Earlier in the year, one of Gordley’s colleagues, Professor Vernon Palmer, was honored by the International Academy of Comparative Law as one of the world’s “Five Great Comparatists.”

Gordley’s Lifetime Achievement Award from the ASCL comes on the heels of the publication of his most recent book, The Eclipse of Classical Thought in China and The West, published earlier in 2022 by Cambridge University Press. The book is a monumental exploration of the origins and influences of the Chinese and Western philosophical traditions in shaping competing understandings of social obligation and the role of government.

Gordley looks at how ethics, justice and government have long been built on the classical traditions and ideas established in China by Confucius and in the West by Socrates.  In particular, the book documents the influence of these traditions in the formation of the Song Dynasty in China and the founding of the American Republic.
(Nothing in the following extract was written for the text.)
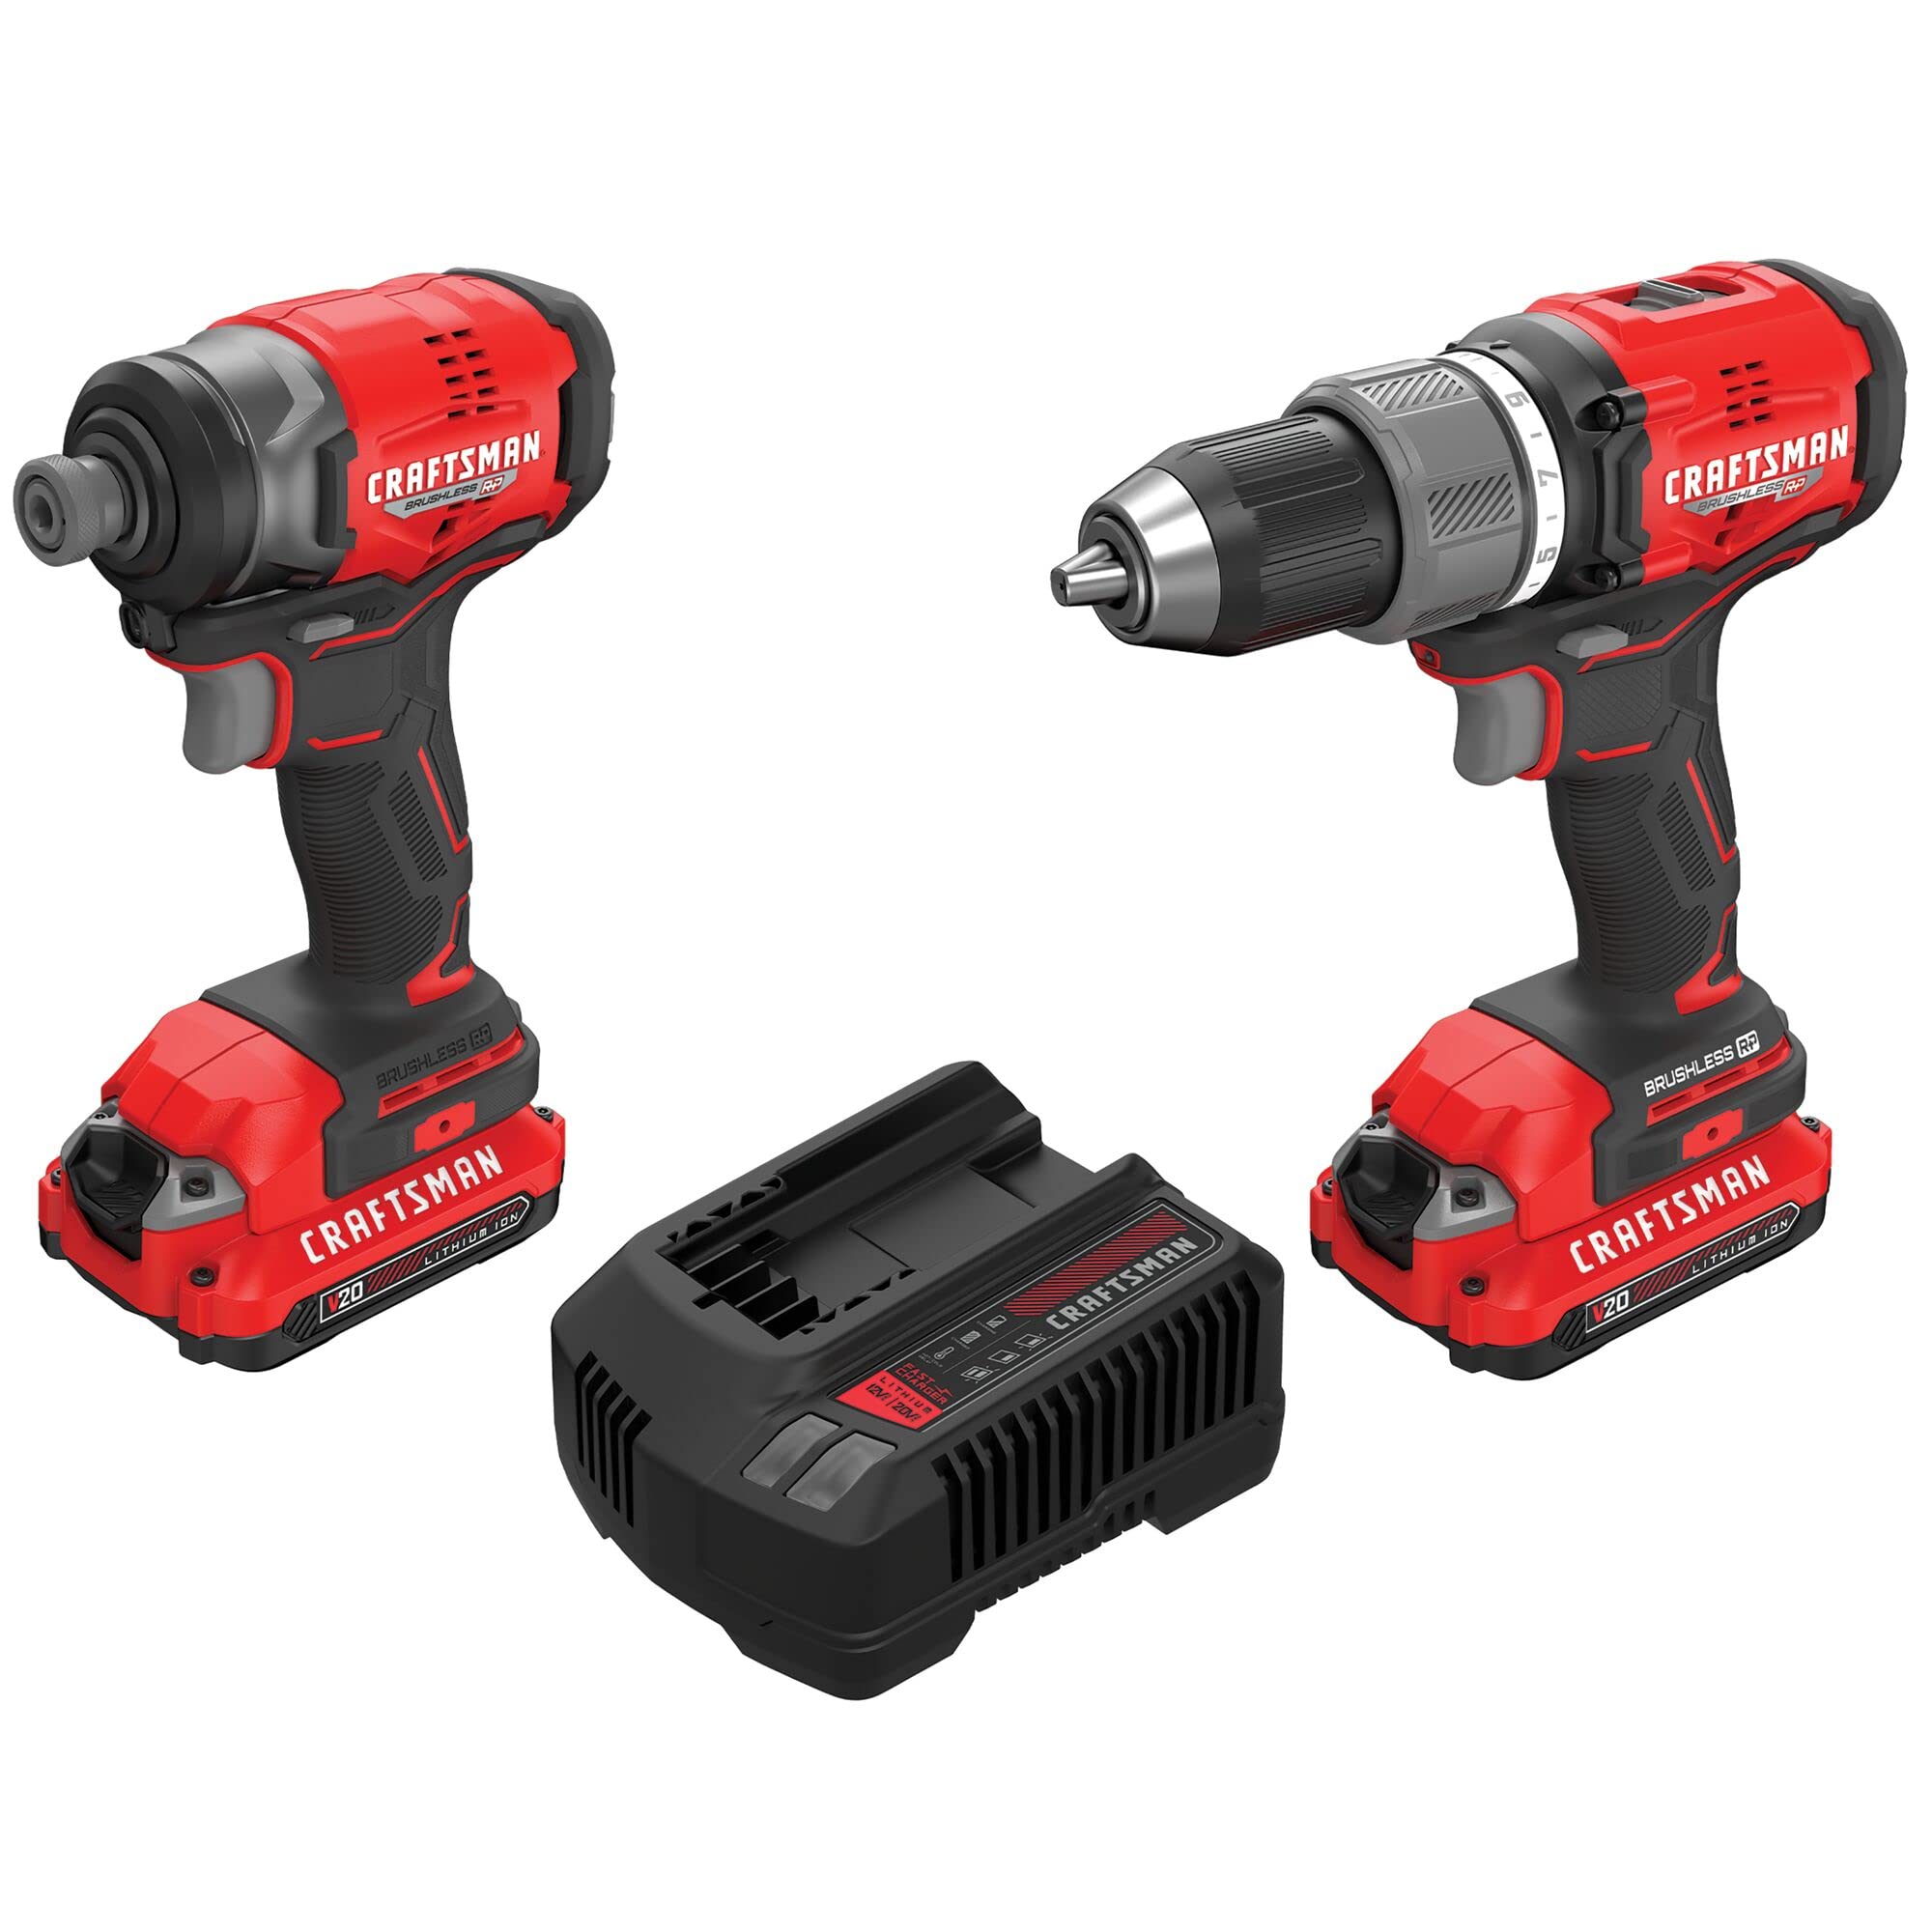 CRAFTSMAN V20 RP Cordless Drill and Impact Driver, Power Tool Combo Kit, 2 Batteries and Charger Included (CMCK211C2)

The book takes a long road trip through history, identifying times when these two traditions, firmly rooted in human nature as an overriding motivator for decisions, have converged.  Gordley also examines the ways in which these traditions have been stressed and eclipsed by modern developments, including the rise of absolutism in China and of skepticism and neutrality concerning fundamental values in the West.

“Whether we value the opportunities for a good life that arise through cultural norms or those that arise by devaluing them, our choices matter because we may choose for better or worse,” Gordley writes in the book. “If one denies that possibility, one cannot explain the value of freedom.”

Gordley is the W.R. Irby Chair in Law at Tulane, teaching contracts, comparative private law and property law. He arrived at Tulane in 2007 from the University of California, Berkeley, where he had been a law faculty member since 1978. He received his BA and MBA from the University of Chicago, and his JD from Harvard Law School in 1970.

He has been a visiting professor at the Universities of Fribourg, Regensburg, Munich, Milan and Universita Commerciale Luigi Bocconi; a visiting scholar at the Max Planck Institute for Comparative Law in Hamburg, the European University Institute in Fiesole and the University of Cologne; and the Jean Monnet Distinguished Professor in Comparative Law at the University of Trent. He received the UC Berkeley Distinguished Teaching Award in 1984 and the Rutter Award for Teaching Distinction in 2001. Tulane Law School’s graduating class of 2010 selected him for the Felix Frankfurter Distinguished Teaching Award.

He is a fellow of the American Academy of Arts and Sciences, a fellow of the European Law Institute, a titulary member of the International Academy of Comparative Law and a Corresponding Fellow of the British Academy. In addition, he has been a Guggenheim Fellow, a Fulbright Fellow, a Senior NATO Fellow and a fellow of the Deutsche Forschungsgemeinschaft.

He was a fellow at the Institute of Comparative Law at the University of Florence, an associate with the Boston firm of Foley Hoag & Eliot and an Ezra Ripley Thayer Fellow at Harvard before beginning his teaching career.